* Given data *
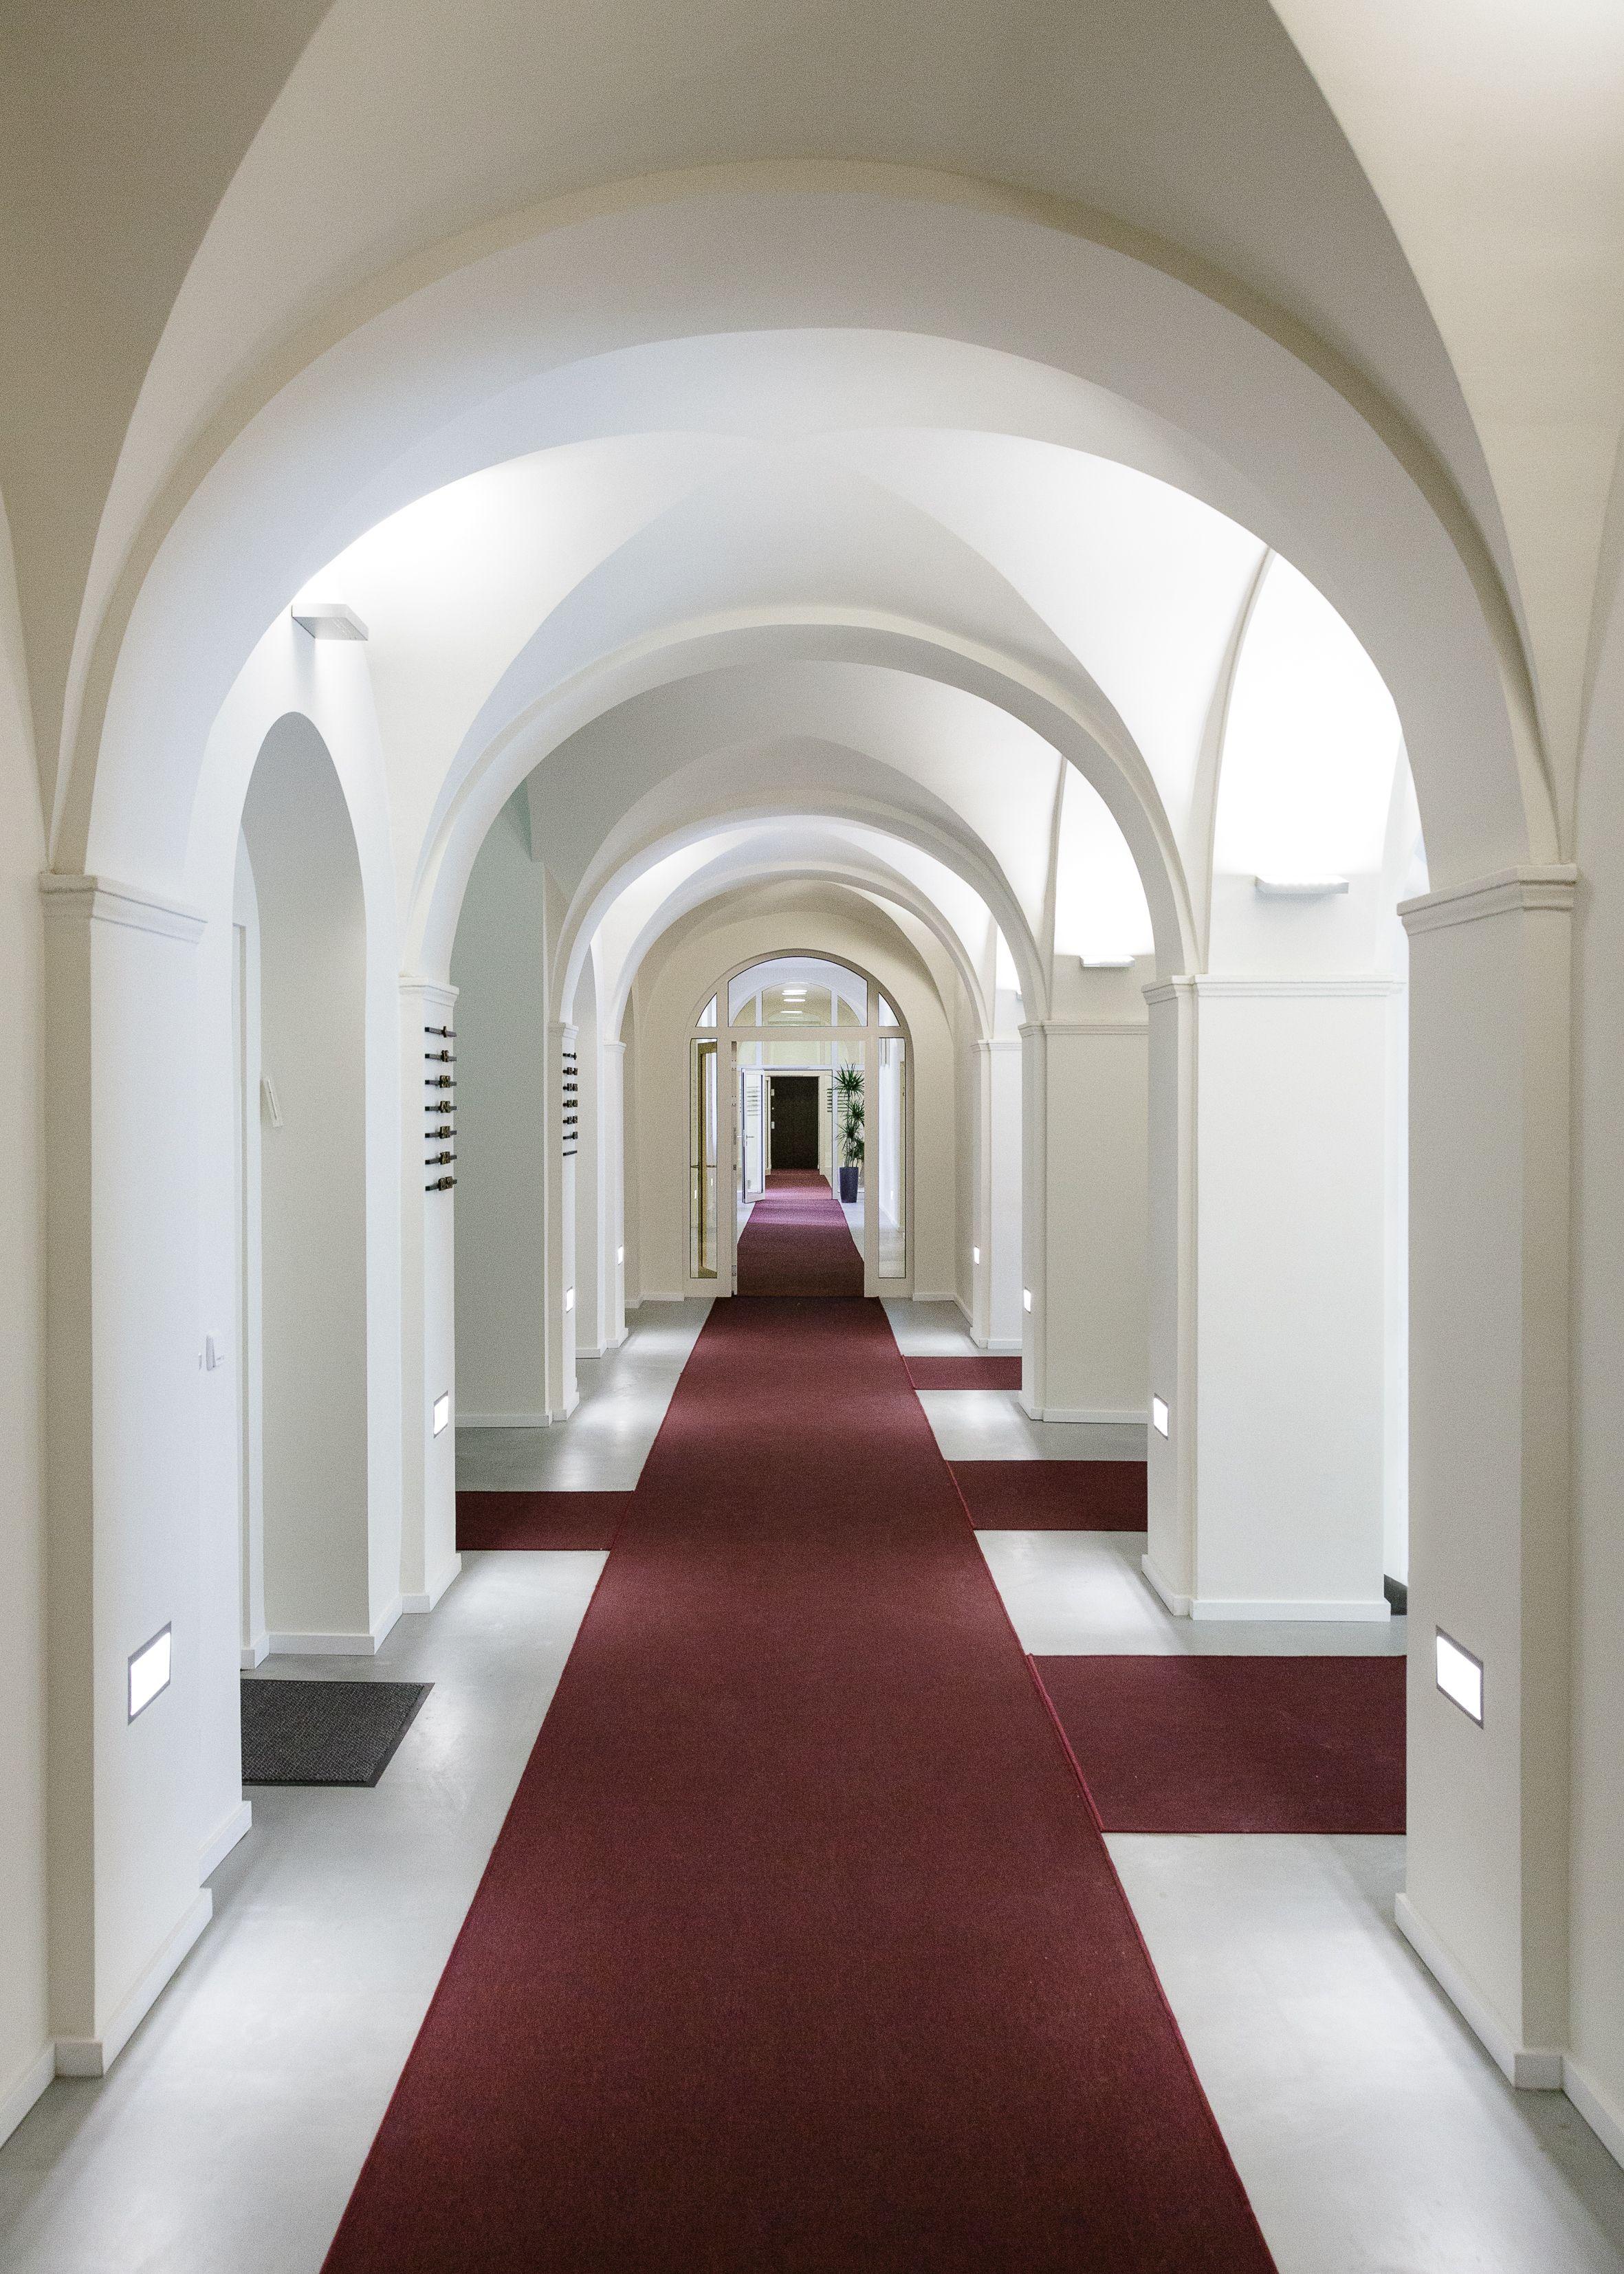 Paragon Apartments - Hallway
--
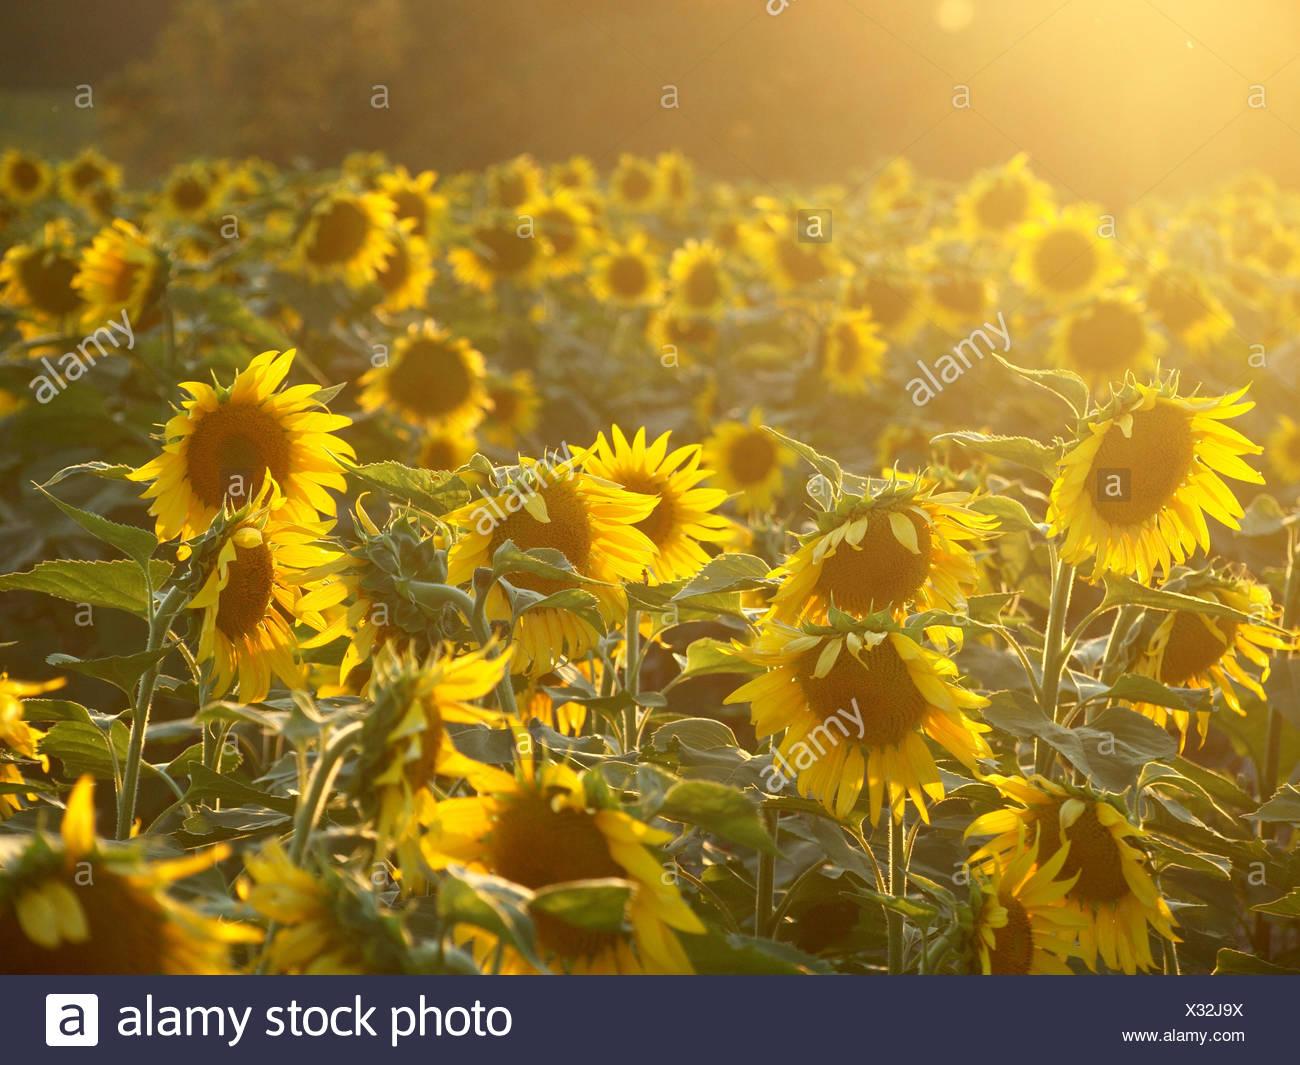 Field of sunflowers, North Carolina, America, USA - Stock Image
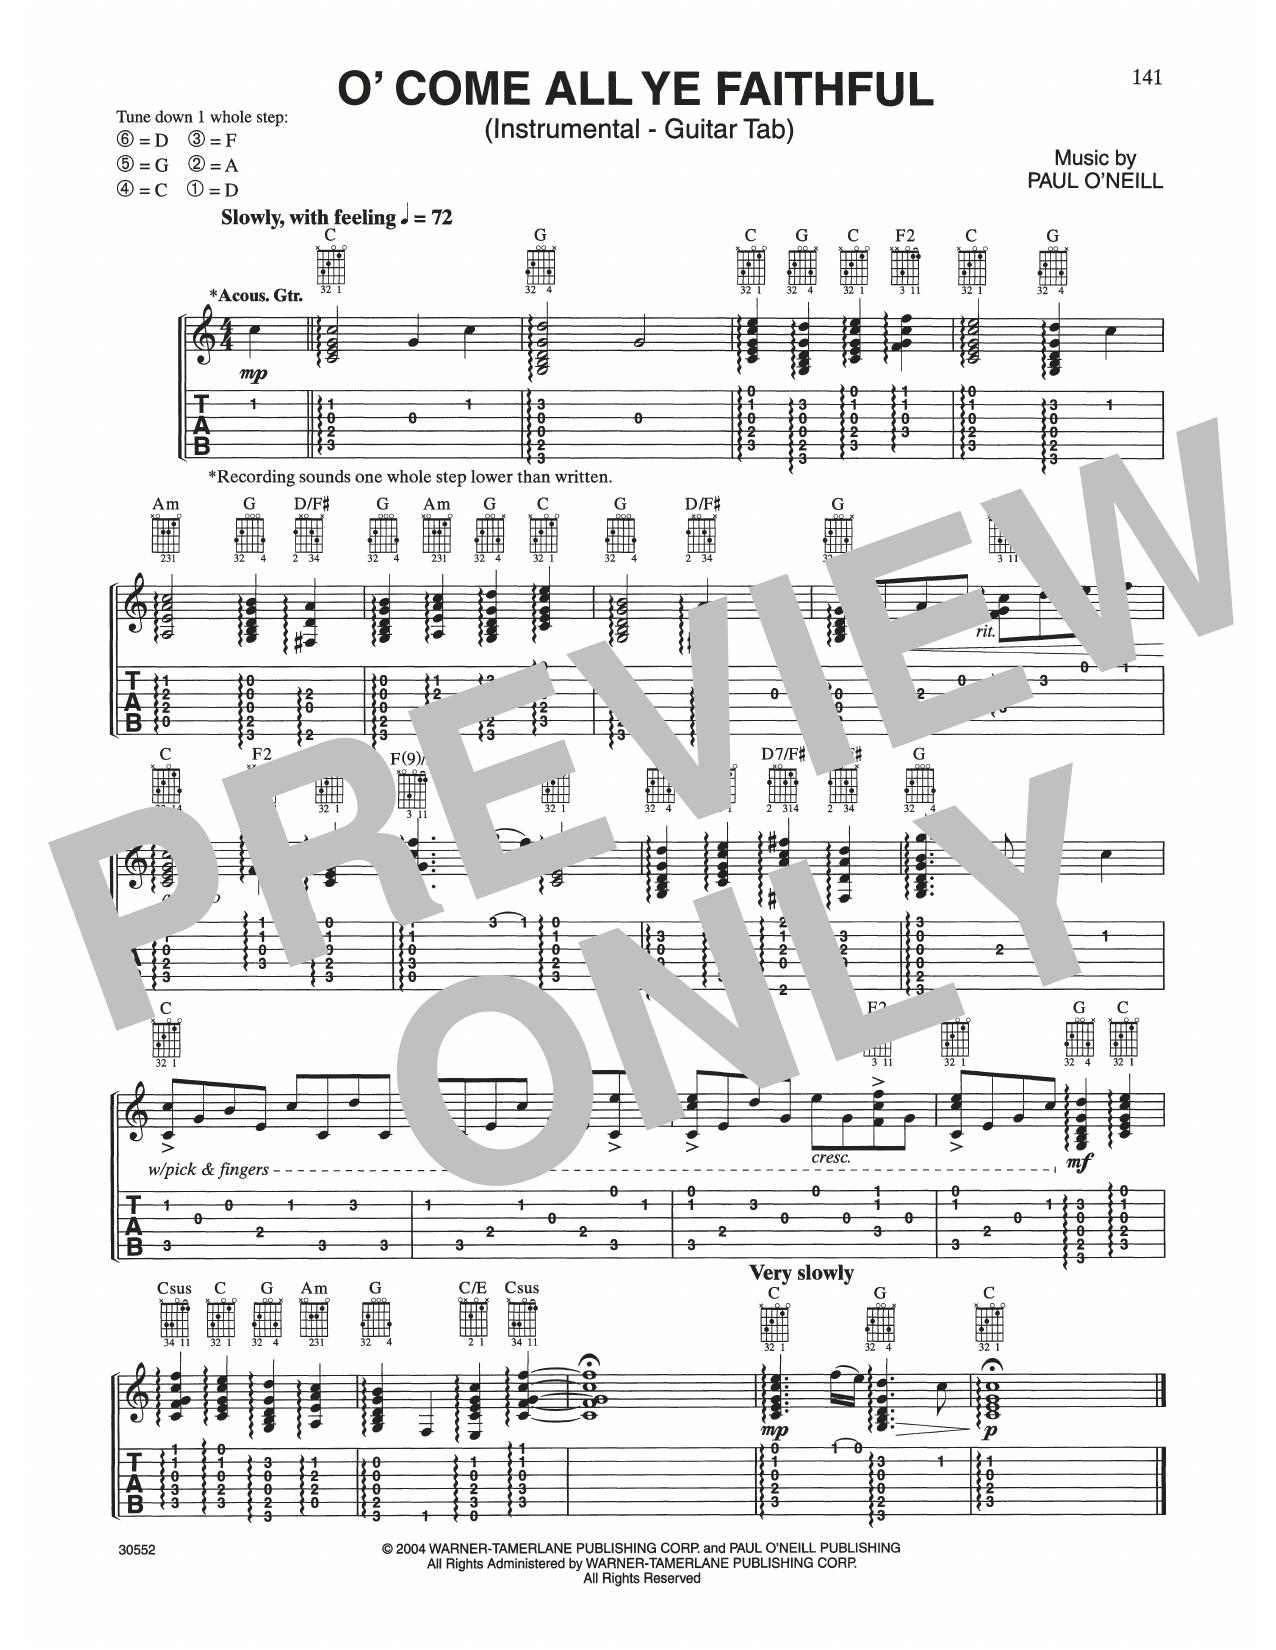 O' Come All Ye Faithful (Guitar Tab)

* The task *
Copy the entries above exactly, but only the stretch from the line containing "Field of sunflowers, North" through the line containing "O' Come All Ye Faithful (Guitar Tab)". Keep both end lines; drop the pictures.

* Written solution *
 Field of sunflowers, North Carolina, America, USA - Stock Image
 O' Come All Ye Faithful (Guitar Tab)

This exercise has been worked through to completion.